Tendo sobrevivido a um massacre tão absurdo, o abade
Sudour mostrou-se pródigo em afeição e dedicação aos jovens que ele considerava
felizes sobreviventes. Em Bossuet, seu grande apartamento estava diariamente
aberto a conversas intermináveis, acompanhadas por uma xícara de chá ou de
café, quando não os levava para uma escalada nos Alpes. Havia outras duas
razões para sua popularidade: era considerado um professor excessivamente
indulgente e possuía o recorde de rapidez da escola para rezar a missa. O
serviço em latim fora cronometrado em 16 minutos, quando habitualmente durava
pelo menos meia hora.
Esse padre era do interior, nascido numa família de
agricultores de Corrèze, não longe do povoado de Saint-Exupéry-les-Roches, que
deve seu nome a Saint-Exuperius, bispo de Toulouse no século V. Filho de granjeiro,
Maurice Sudour sentia-se particularmente cômodo com os rapazes provenientes do
meio rural, como Antoine — tendo que lutar, de maneira cada vez mais evidente,
para conservar uma fé que estava diminuindo.

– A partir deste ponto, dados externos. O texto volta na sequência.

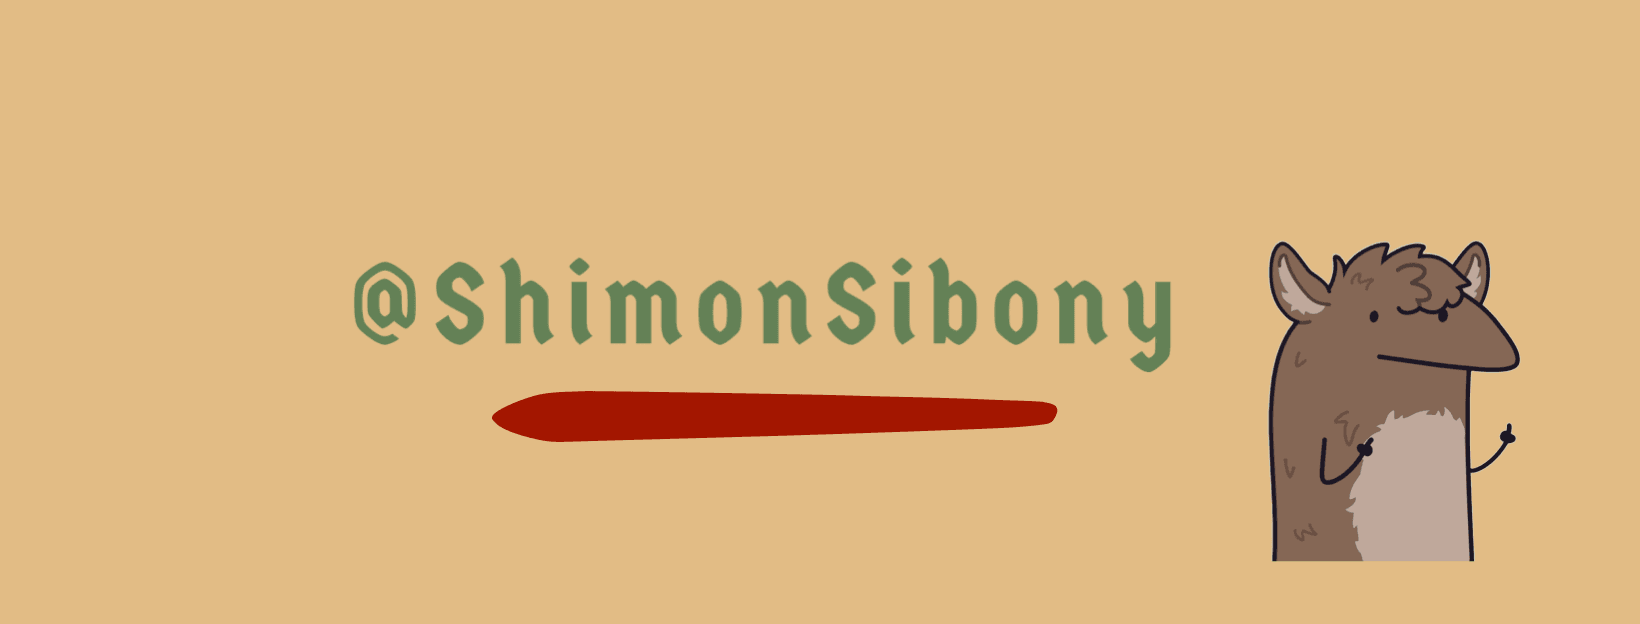 shimonsibony banner

Não resta vestígio algum das longas conversas espontâneas
que compartilharam na época, nas quais Saint-Exupéry revelou seu empenho em
compreender as contradições inerentes a uma fé cristã e a um Deus que levara
seu irmão. Mas entre eles existia uma compreensão, tanto espiritual como intelectual,
que se transformaria numa amizade duradoura. Em 1931, mais de dez anos após ter
abandonado Bossuet, Antoine pediu que Maurice Sudour abençoasse sua união com
Consuelo Suncin.
Em termos bíblicos, o sacerdote era também um instrumento
de Deus, pois recomendou Antoine a um emprego de piloto de linha em 1926, ano
no qual este publicou seu primeiro conto. No período cinzento após sua
formatura, antes de ter encontrado seu rumo e a carreira que o salvaria da
mediocridade, Saint-Exupéry freqüentemen- te viu nele um conselheiro
espiritual. Sem o abade Sudour, talvez não tivesse emergido com sucesso dos
meses de provações que forjaram sua personalidade, depois de caminhar
longamente sem rumo tendo conhecido simultaneamente a exaltação e o desânimo.